- Opening Delimiter -
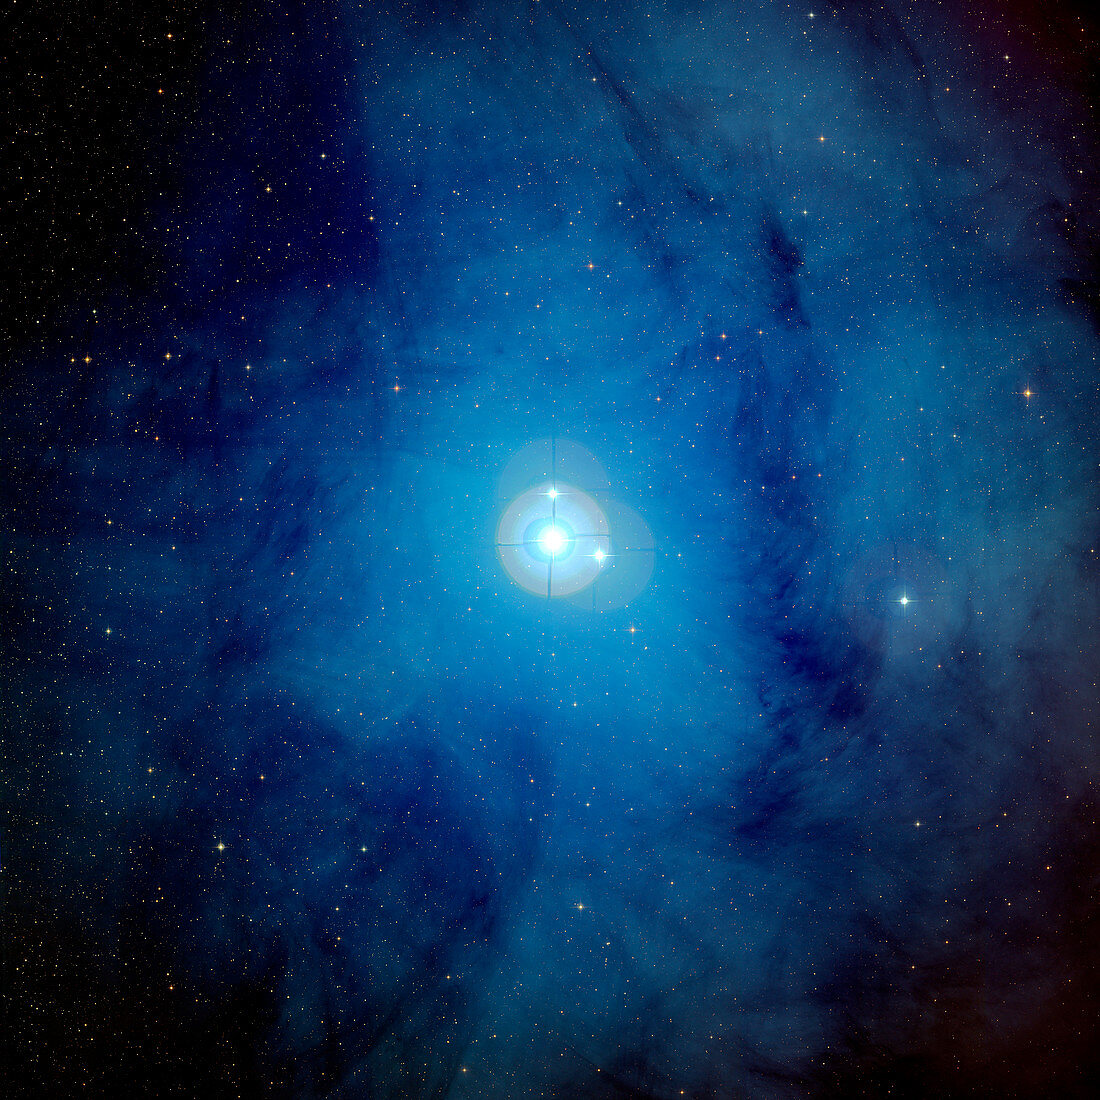 Reflection nebula IC 4604,optical image
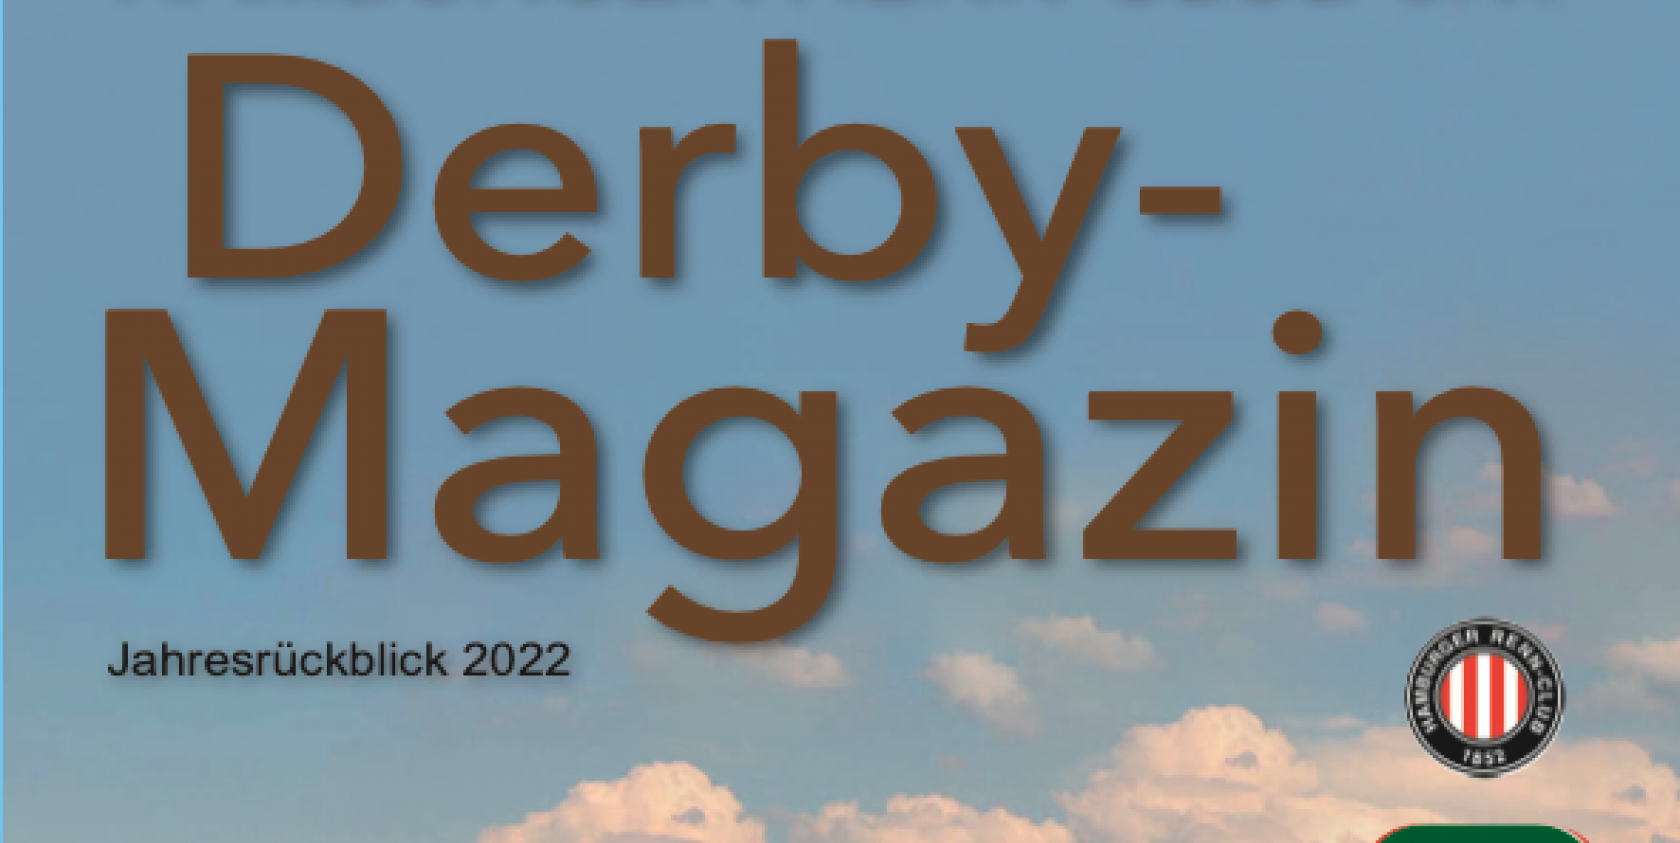 Das Fotobuch zum Derby-Meeting 2022
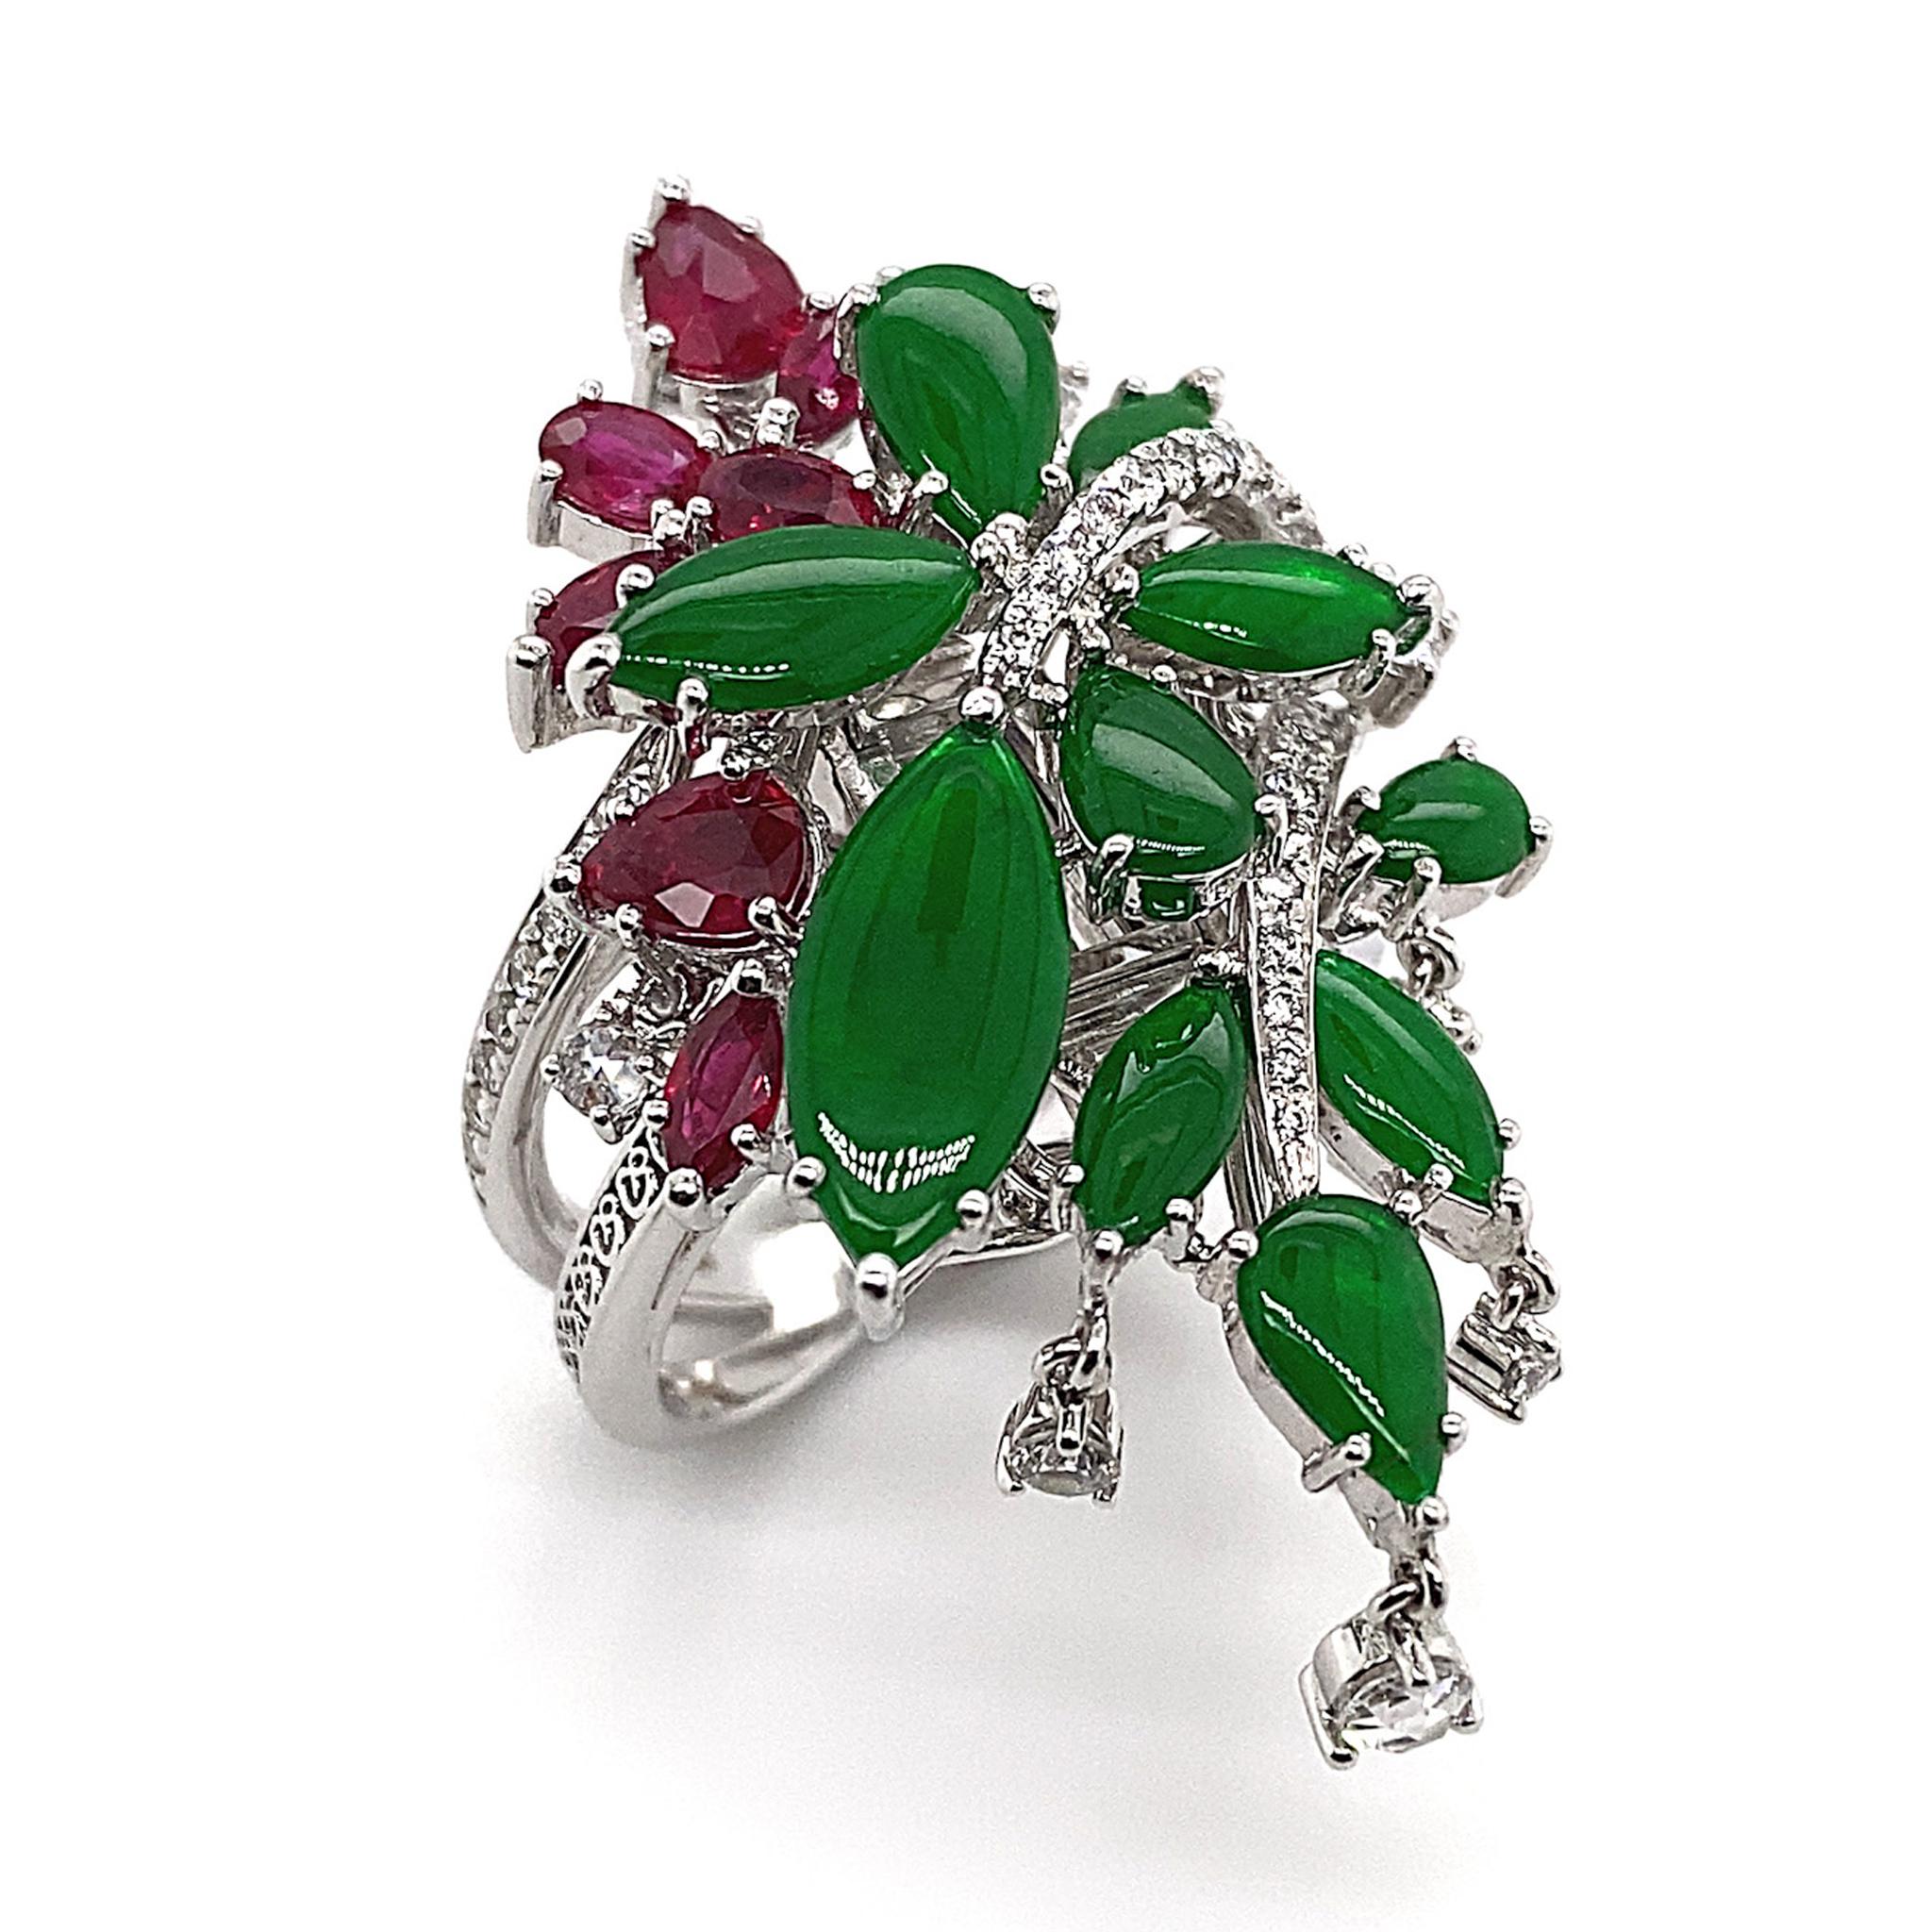 The House of Diamonds' präsentiert einen beeindruckenden, von Blumen inspirierten Ring, der mit hochwertigem 'Imperial Green'-Jadeit, Rubinen und Diamanten in Collectional-Qualität besetzt ist. Ein weiteres wunderschönes Stück aus Dilys'
- Closing Delimiter -
Your assignment - Make an exact copy of the listing, with no images in it.

Finished task -
 Reflection nebula IC 4604,optical image
 Das Fotobuch zum Derby-Meeting 2022
 The House of Diamonds' präsentiert einen beeindruckenden, von Blumen inspirierten Ring, der mit hochwertigem 'Imperial Green'-Jadeit, Rubinen und Diamanten in Collectional-Qualität besetzt ist. Ein weiteres wunderschönes Stück aus Dilys'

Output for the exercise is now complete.